▸ **WORK INSTRUCTIONS**
Nothing but the lines below from the one with "business man drawing" through the one with "Tsar Nicholas II" should be output, each exactly as given, and no pictures.
*** GIVEN RECORDS ***
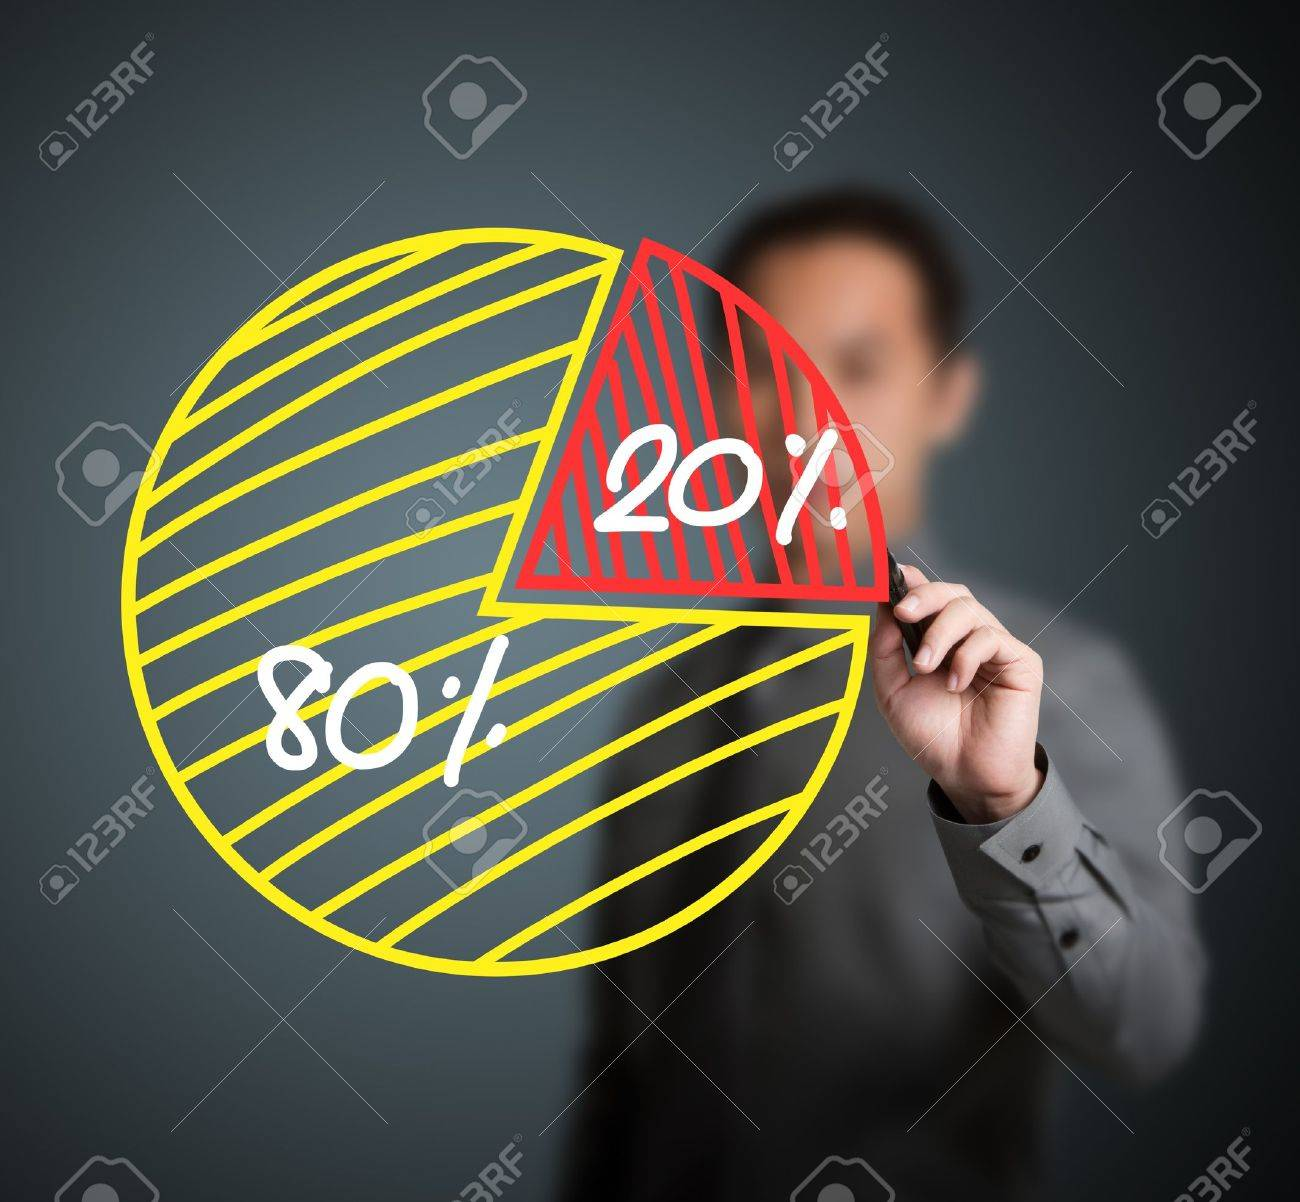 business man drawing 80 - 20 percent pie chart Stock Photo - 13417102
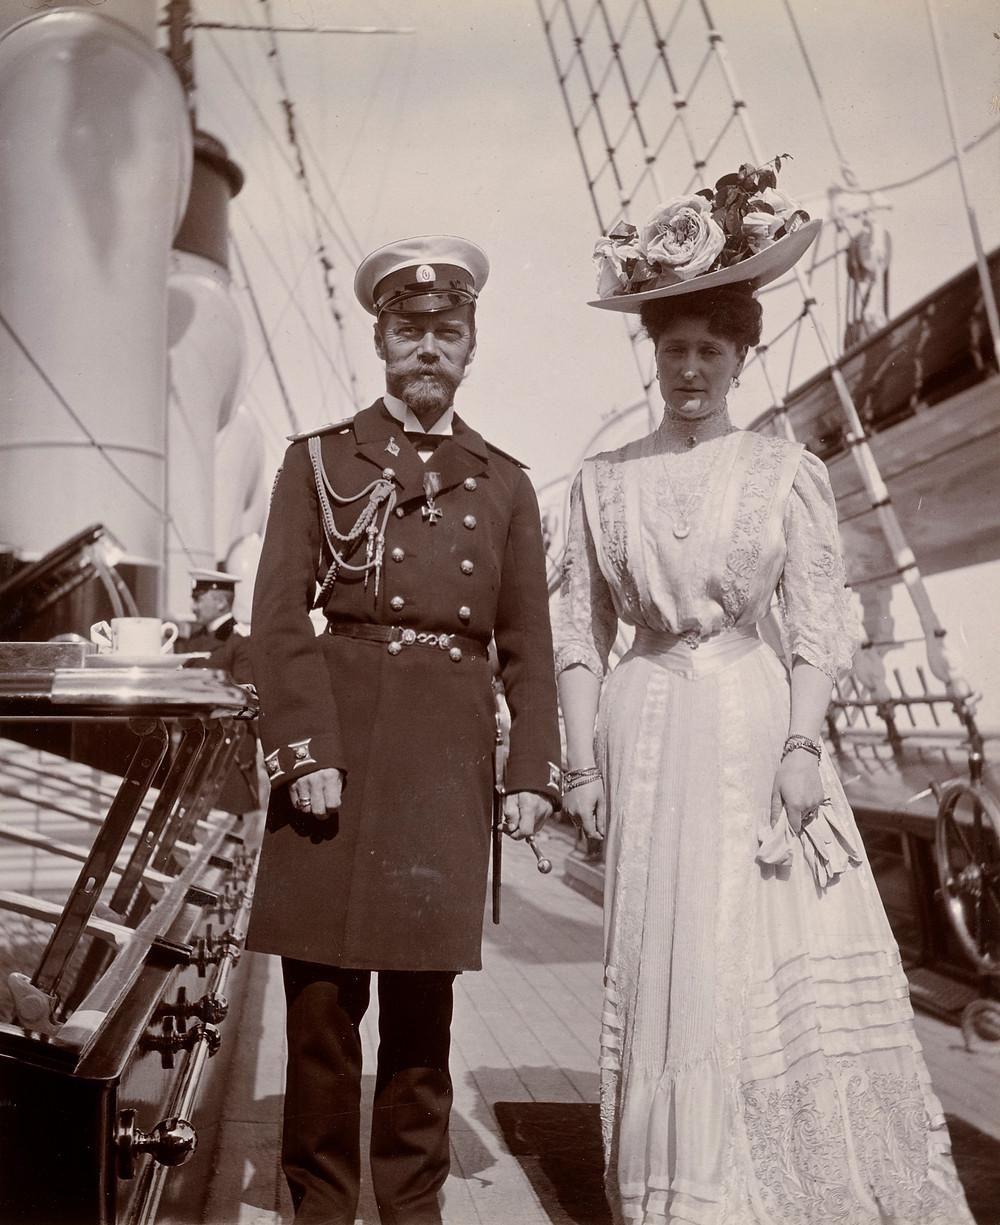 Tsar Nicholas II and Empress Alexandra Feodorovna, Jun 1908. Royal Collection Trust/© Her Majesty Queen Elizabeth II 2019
*** End of GIVEN RECORDS ***
*** GIVEN RECORDS ***
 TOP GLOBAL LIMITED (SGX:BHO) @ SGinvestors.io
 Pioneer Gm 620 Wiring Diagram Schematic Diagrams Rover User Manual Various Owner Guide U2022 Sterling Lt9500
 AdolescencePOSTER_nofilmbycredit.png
*** End of GIVEN RECORDS ***
▸ **YOUR SOLUTION**
 business man drawing 80 - 20 percent pie chart Stock Photo - 13417102
 Tsar Nicholas II and Empress Alexandra Feodorovna, Jun 1908. Royal Collection Trust/© Her Majesty Queen Elizabeth II 2019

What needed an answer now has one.